Instagram Places of Bangkok

by - August 11, 2020

If you're planning to visit Bangkok, be prepared for a bustling metropolis with modern infrastructure and buildings, shopping malls and hotels, contrasted against traditional architecture. There are hundreds (maybe even thousands) of temples in Bangkok alone, and I only visited two so you probably want to add more onto your list! This list is very short and sweet - I didn't actually take that many photos as I spent most of my time eating lots of food and shopping for yet more food to take home instead.

Wat Pho

Wat Pho, also known as the Temple of the Reclining Buddha is located in Phra Nakhon District which is north of the Chao Praya River. We stayed at the Sofitel Bangkok Sukhumvit so we took the MRT Blue Line from Sukhumvit to Sanam Chai to make sure we got there for the temple's opening time which is 8am (just check Google Maps). From Sanam Chai station, it was relatively easy to walk to Wat Pho's entrance. Be alert when you're en route to temples as there may be scammers. A random man started to follow us to tell us that the temple wasn't open, which of course it was. Read my Top Tips for Travelling Bangkok and other things to be mindful of when visiting!

The entrance fee was 200 THB per person and because we got there so early, there were hardly any tourists. The surroundings were serene, and the archiecture, especially of the tower-shaped spires, was very intricate and unlike anything I had ever seen before. The reclining Buddha statue is inside the temple, and is 43m long and 15m in height. In fact, so large that I couldn't even get the whole statue into my camera shot. There are also bowls next to the statue where people put money in for luck. The gardens are also really peaceful and we enjoyed strolling around and admiring the scenery.

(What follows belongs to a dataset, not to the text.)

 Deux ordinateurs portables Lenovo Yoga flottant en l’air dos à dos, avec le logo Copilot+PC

Also, don't forget that you need to cover your shoulders and knees when entering temples and shrines.

Wat Arun

Wat Arun, the Temple of Dawn is on the south side of the Chao Praya River, and if you're visiting Wat Pho, you should definitely visit Wat Arun too as it's so close. I just followed Google Maps to No. 8 Tha Tien Express Boat Pier to get a boat to the other side - the boat ride is super cheap and only a few baht!

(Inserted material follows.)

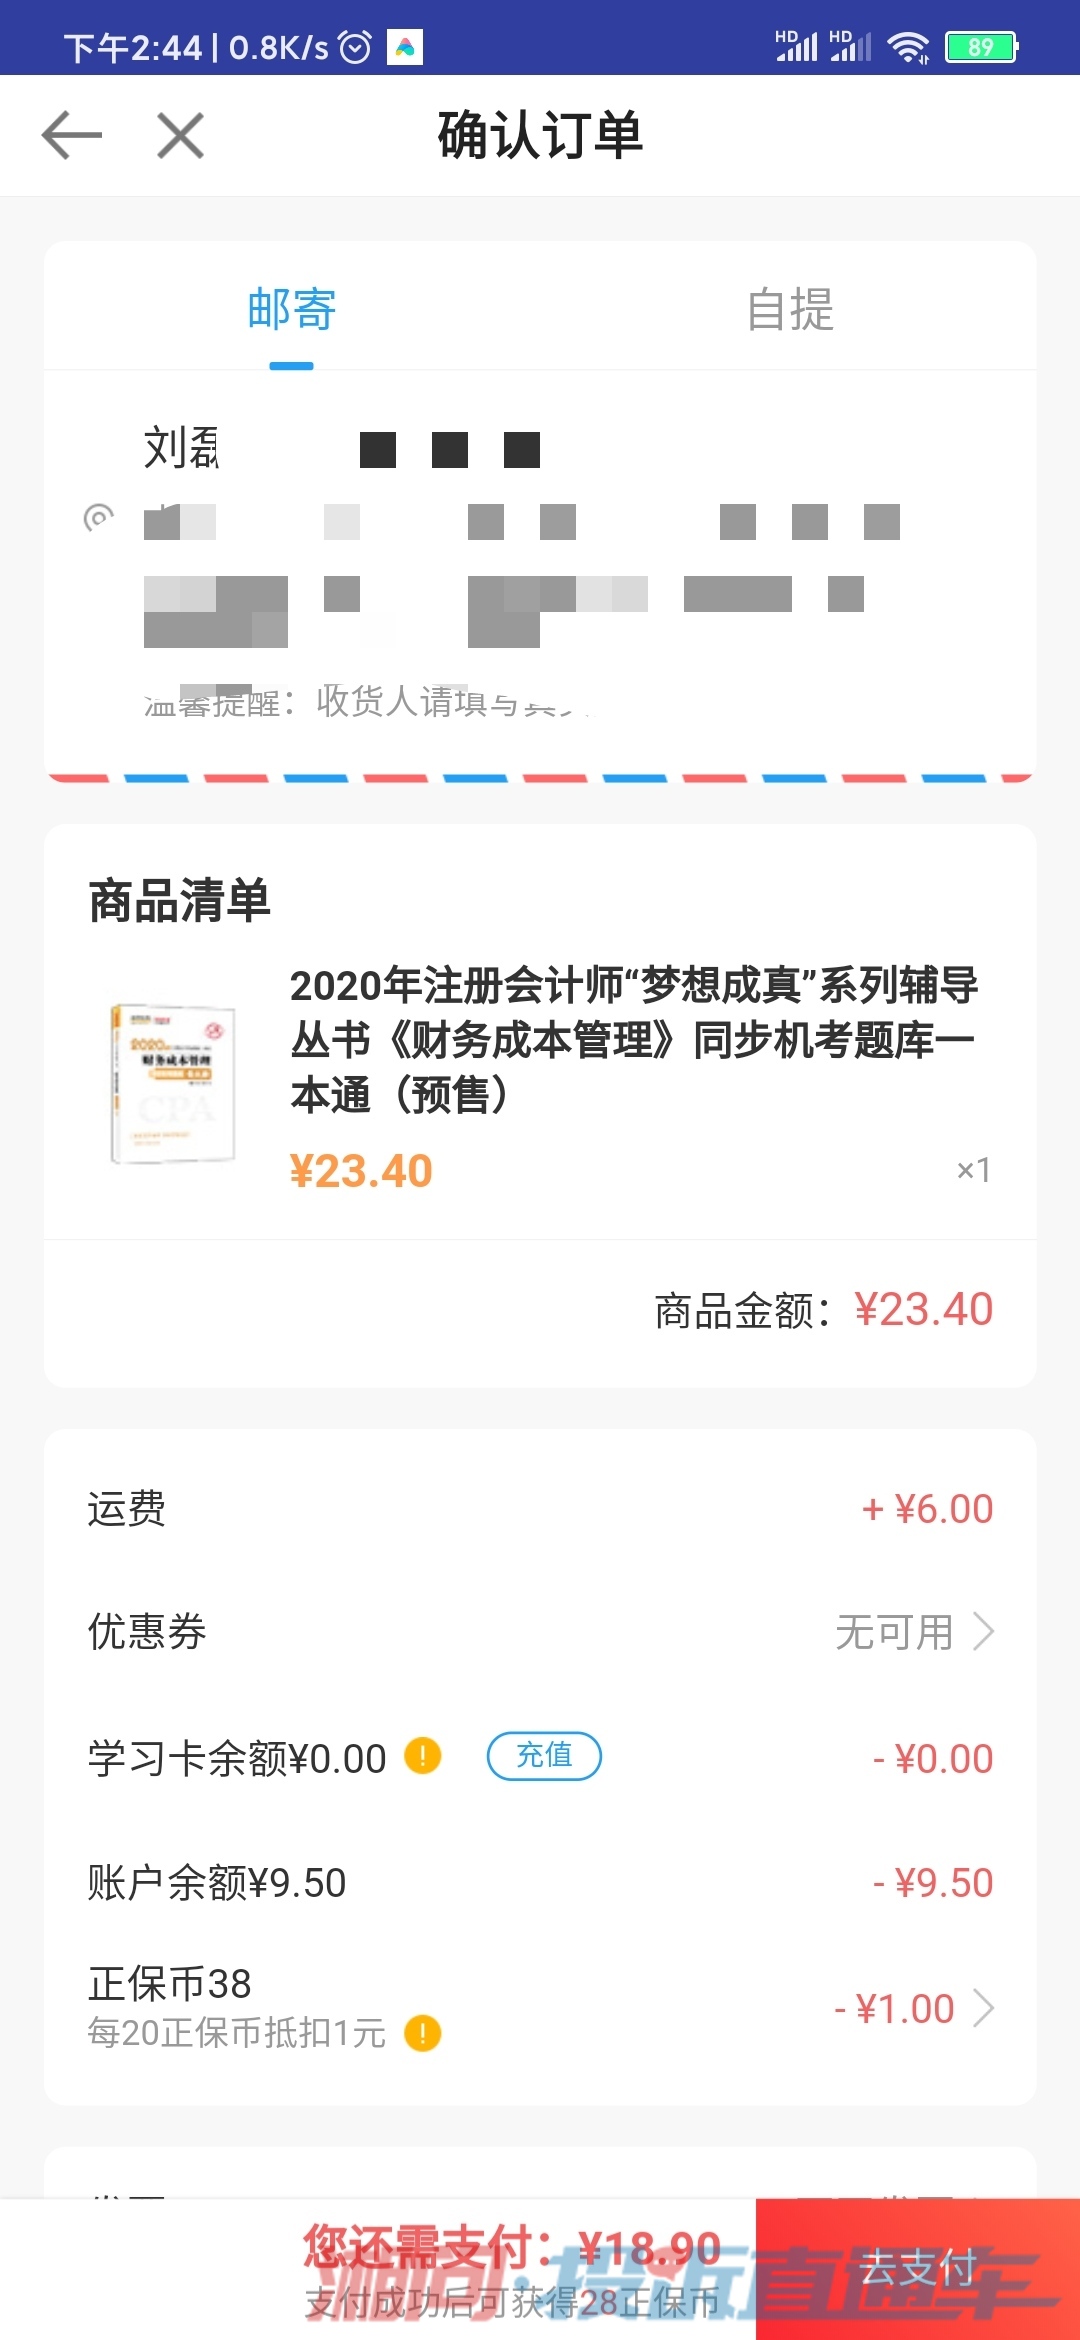 中华会计网校最近购买课程和图书要求二次付款

This temple looks like a tiled ceramic structure - there is one extremely tall tower (known as a prang) in the centre with 4 smaller ones around it. The largest prang is 67m high and the tallest one in Thailand. It's a dominating structure from far away, but you definitely need to see it close up to admire the unique intricacies of the exterior.

Other Temples Nearby:
The Grand Palace
Wat Benchamabophit

Erawan Museum

Erawan Museum is located a little further out from the busy Sukhumvit area. We took the BTS SkyTrain to Bang Na Station and then took a taxi there. Entry fee was quite expensive which I think was 400 THB per person, available at the ticket office. The gardens are pretty, but the grounds are relatively small. The uniqueness of the temple is that a huge three-headed elephant statue sits atop it. Inside (again, shoulders and knees should be covered!), the interiors include winding staircases, a lot of pink and a mesmerising stained glass ceiling. Be aware that it is also incredibly hot inside (as in I was literally on the verge of fainting) and although overall the place was a lot smaller than I had expected, it was still a beautiful place to visit.

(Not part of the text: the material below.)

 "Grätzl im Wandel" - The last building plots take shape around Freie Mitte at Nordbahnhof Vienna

99 Bang Mueang Mai, Mueang Samut Prakan District, Samut Prakan 10270, Thailand

Octave Rooftop Lounge

There are an abundance of rooftop bars in Bangkok, the majority of them being very expensive. I wasn't that bothered about going to 'the best' one and just wanted to appreciate the skyline and upon research, the Octave Rooftop Lounge on the 48th floor of the Bangkok Marriot Hotel in Sukhumvit served reasonably priced cocktails and also offers a panoramic view of the skyline. You want to book in advance to reserve seats around the edge of the lounge and also to get there early to catch the sunset.